### Problem description
A verbatim copy of all the data is required; the pictures should not appear in it.
#### Data section ####
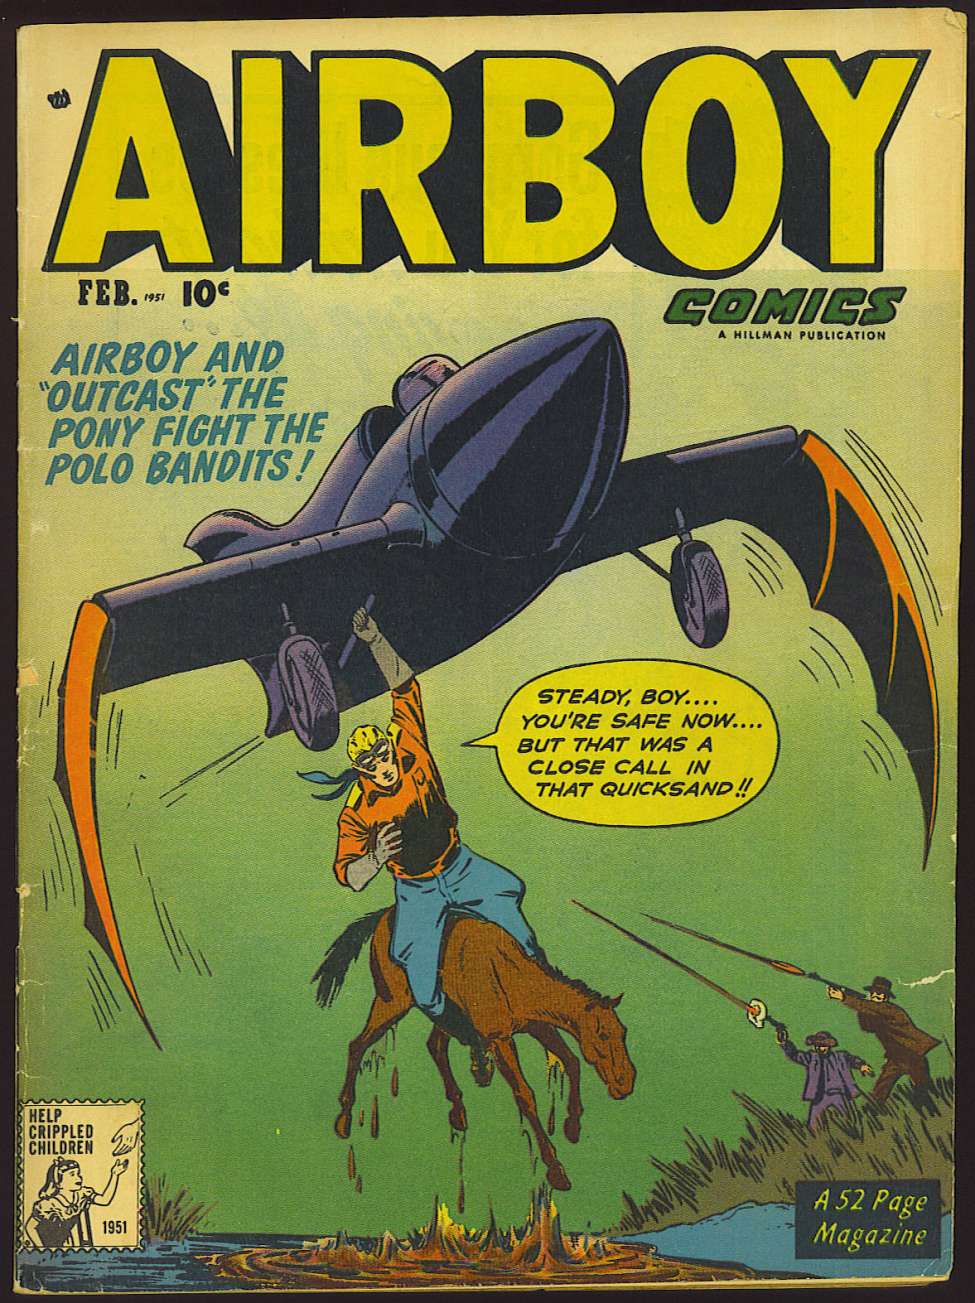 Book Cover For Airboy Comics v8 1
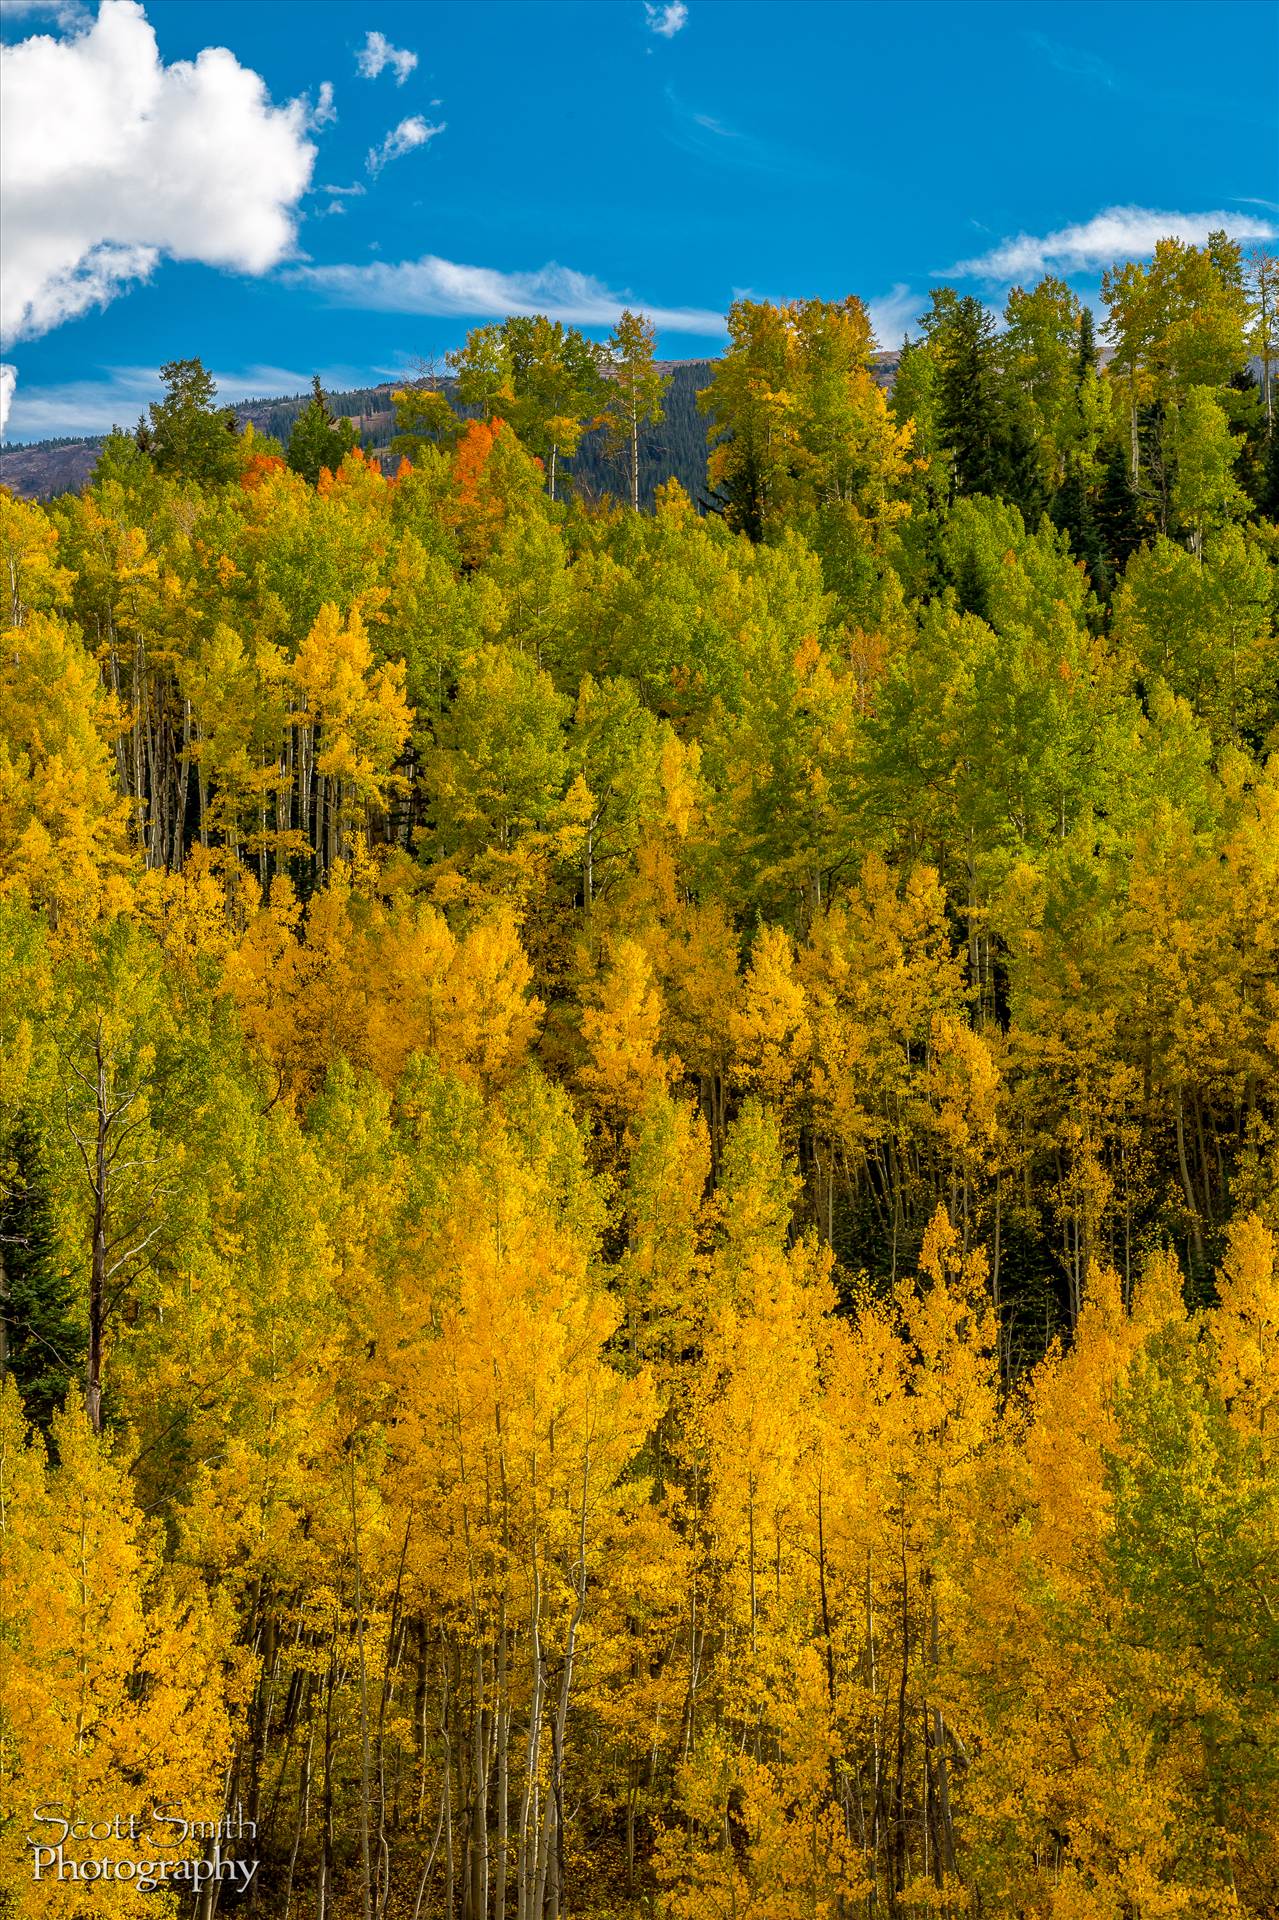 Snowmass Wilderness Area Fall Colors Fall colors in Colorado, just outside of Snowmass Village by Scott Smith Photos
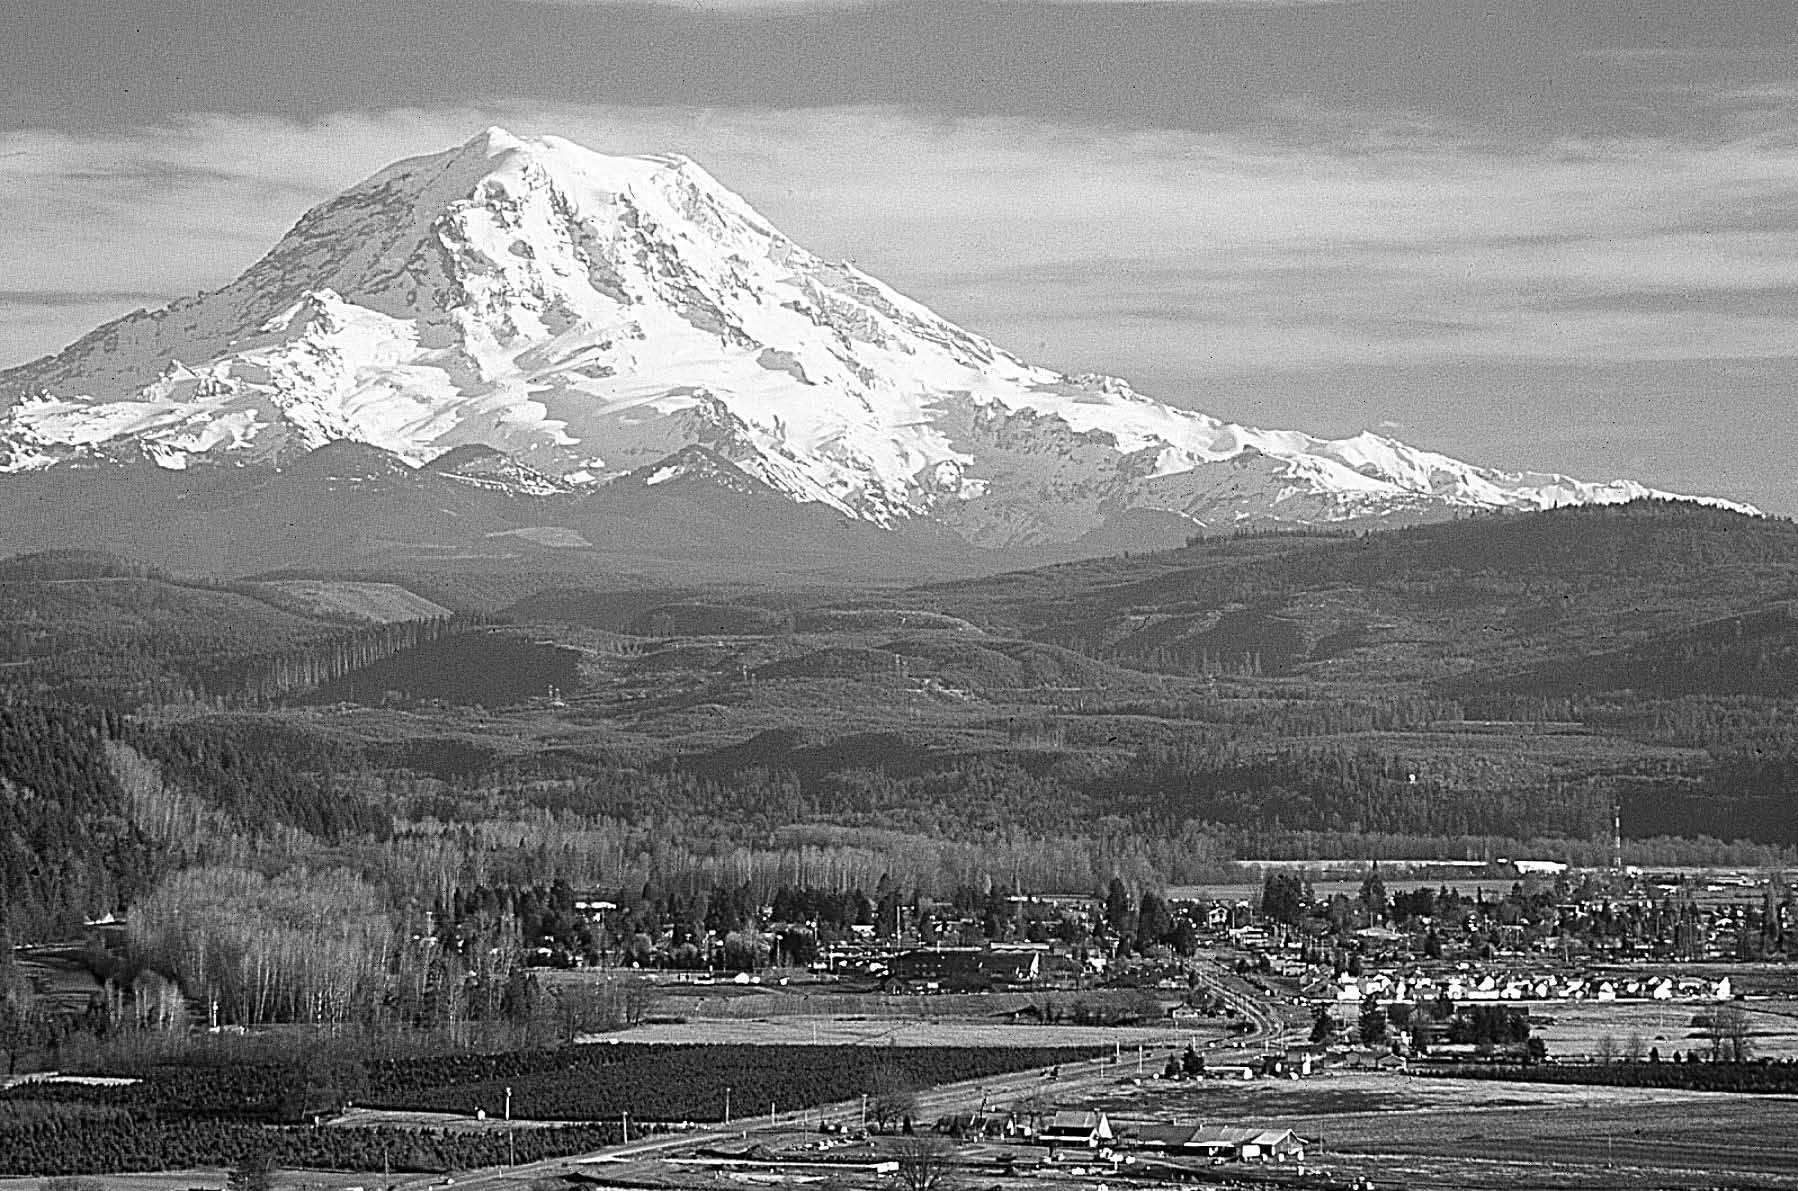 [View of Mount Rainier from across Puyallup River valley near Orting, Washington. (USGS photograph taken by David Wieprecht, Cascades Volcano Observatory.]
####
### Output below
 Book Cover For Airboy Comics v8 1
 Snowmass Wilderness Area Fall Colors Fall colors in Colorado, just outside of Snowmass Village by Scott Smith Photos
 [View of Mount Rainier from across Puyallup River valley near Orting, Washington. (USGS photograph taken by David Wieprecht, Cascades Volcano Observatory.]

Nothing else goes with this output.